AndreiBarsan / crowd

Improved crowdsourcing vote aggregation using document similarity and machine learning.
2 stars 0 forks source link

Better GP Aggregation #2

Open AndreiBarsan opened 8 years ago

AndreiBarsan commented 8 years ago

Our current implementation relies on Matlab for the gaussian process code (specifically, the GPML library). The whole system is very slow.

Currently, there are several ways this could be improved:

AndreiBarsan commented 8 years ago

Progress made with pymatbridge! I got it working on Euler in a small non-LSF test scenario. This is still somewhat low-priority to implement in the main codebase, but it's worth noting. The main issue which was causing problems before was the module system: loading the MATLAB module last messed up some environment variables.
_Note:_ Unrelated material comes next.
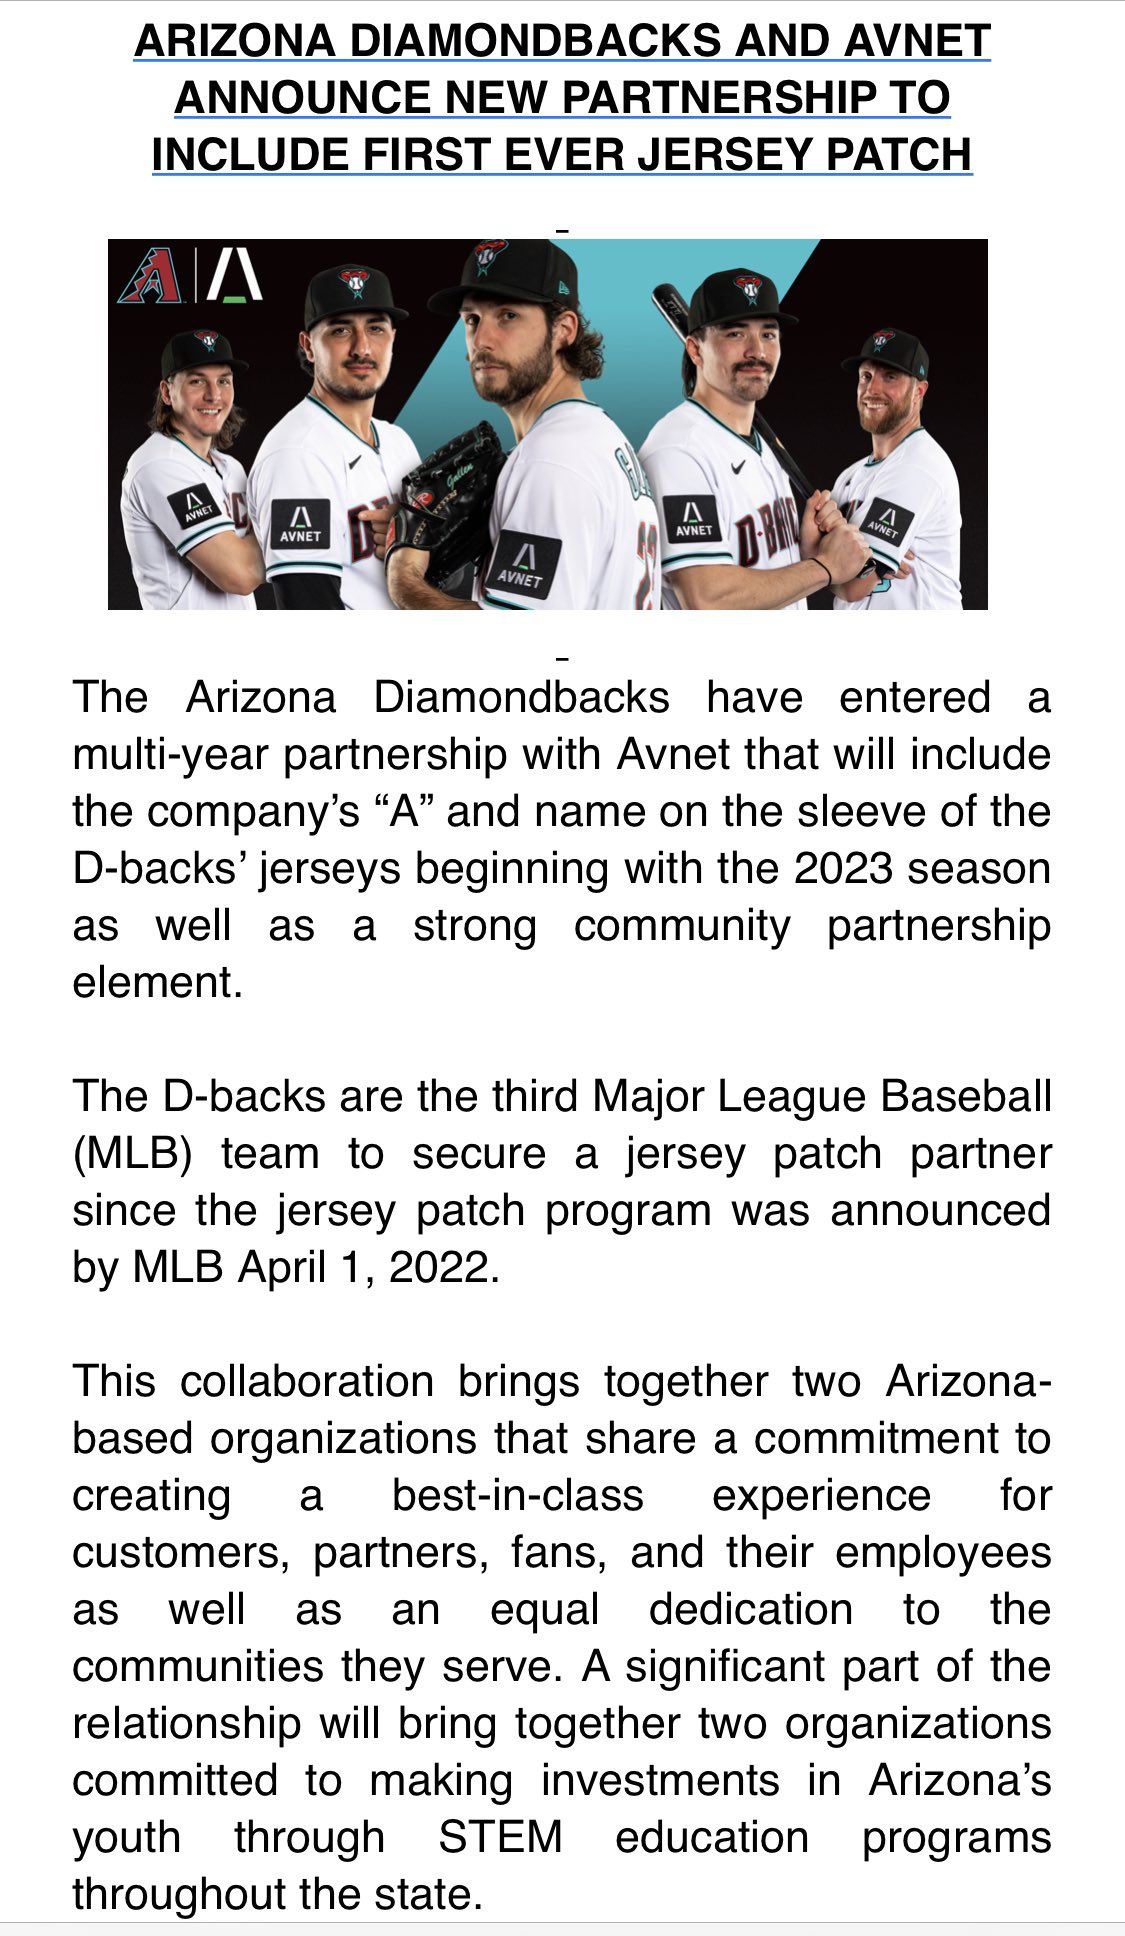 Arizona Diamondbacks, Avnet partner for jersey patch during 2023

Loading MATLAB first, and then the rest of the modules (e.g. gcc-4.8.2, python3.3, etc.) and then rebuilding everything solved the problem, as can be seen in the following screenshot:

screen shot 2016-07-14 at 3 45 57 pm
AndreiBarsan commented 8 years ago

A few duration samples of MATLAB aggregation using the oldschool disk'n'fork method:

Total MATLAB time: 4714ms
Total MATLAB time: 3523ms
Total MATLAB time: 3667ms
Total MATLAB time: 3906ms
Total MATLAB time: 3819ms
Total MATLAB time: 3997ms
Total MATLAB time: 3962ms
Total MATLAB time: 4047ms
Total MATLAB time: 4171ms
Total MATLAB time: 4150ms
Total MATLAB time: 4356ms
Total MATLAB time: 4087ms

Note that these examples mostly did no training, since they had perhaps 1-3 training data samples, so most of that time seems to be overhead. Otherwise, the total train time can sometimes even climb to ~10s (anecdotal).

We'll see whether pymatbridge can speed this up, and finally put an end to the random crashes happening on Euler.